NRA Show 2016: Highlights you may have missed

nra show 2016 world culinary showcase

Attendance at this year’s NRA Show in Chicago substantially surpassed 2015 numbers, with a 7 percent increase in the number of exhibitors as well (2,200). “This year’s Show was high energy and included many changes to make attendees’ experience more personable and relatable,” says Mary Pat Heftman, NRA executive vice president for convention & strategic alliances. “It’s important that attendees are given examples and information that will directly impact their business to make improvements.”

Attendees packed the Grand Ballroom for the new Signature ’16 session on Sunday and for the Show’s first-ever crowdsourced session, Reality Gets Real, on Monday.
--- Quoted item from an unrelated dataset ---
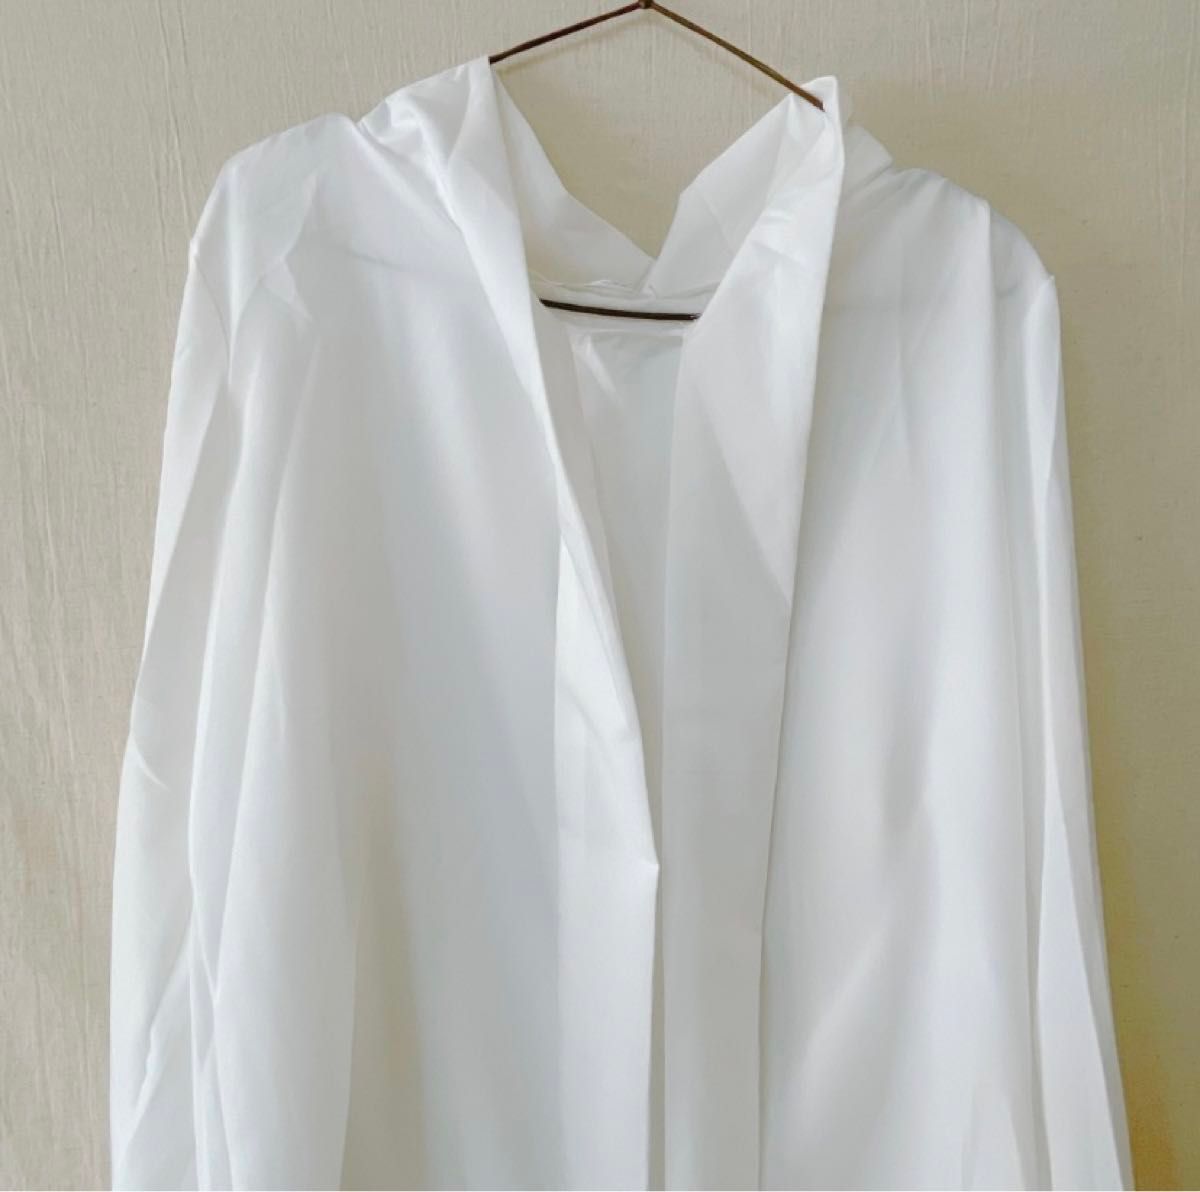 リボンシアーシャツ XLサイズ ホワイト リボン ブラウス シャツ 長袖 ボウダイブラウス シフォン 透け感 入学式 オフィス

These unique events, which crossed over from a straight-on lecture to panel discussion and included Q and As with the audience, emphasized the Show’s liveliness and relevance. “The two events, as well as many of the many of the educational sessions, provided a much greater value to attendees,” said Phil Kafarakis, NRA’s chief innovation and member advancement officer.

Through sessions such as these, the NRA was able to create memorable events that attendees can’t find anywhere else. The energy and connectivity of the featured speakers and the way they presented themselves, beyond their external social media personalities, resonated with the audience. “I found the back-and-forth panel discussions to be down-to-earth, with in-the-trenches examples,” said one attendee of the Reality Gets Real session. “I was able to make a personal connection, because I go through the same problems they described.”

Additionally, the NRA Show is a platform not just to pack a room, but also to bring the industry together to share information and exchange dialogue on issues that everyone might not agree on. “We can agree to disagree,” said Kafarakis, “but when you walk out of the Show, you’ll have a new perspective on how to conduct your business and make a positive impact.”

This year’s Show also introduced attendees to the Bellavita Italian Expo, which opened to rave reviews. Attendees got close to never-before seen Italian flavors, foods, wines and cheeses and witnessed amazing demonstrations. “We will to continue to expand this Pavilion as we continue to grow our relationship with them,” Heftman said. “Bellavita is a big part of the Show’s future.”

Other trends highlighted on the Show floor included the continuation of different culinary profiles coming together, such as chili-infused honey, flavor-infused ice, flavor-infused cocktail enhancers, such as bitters, and other key ingredients. “Culinary infusion is not really new, but it continues to expand and push the culinary envelope,” said Heftman.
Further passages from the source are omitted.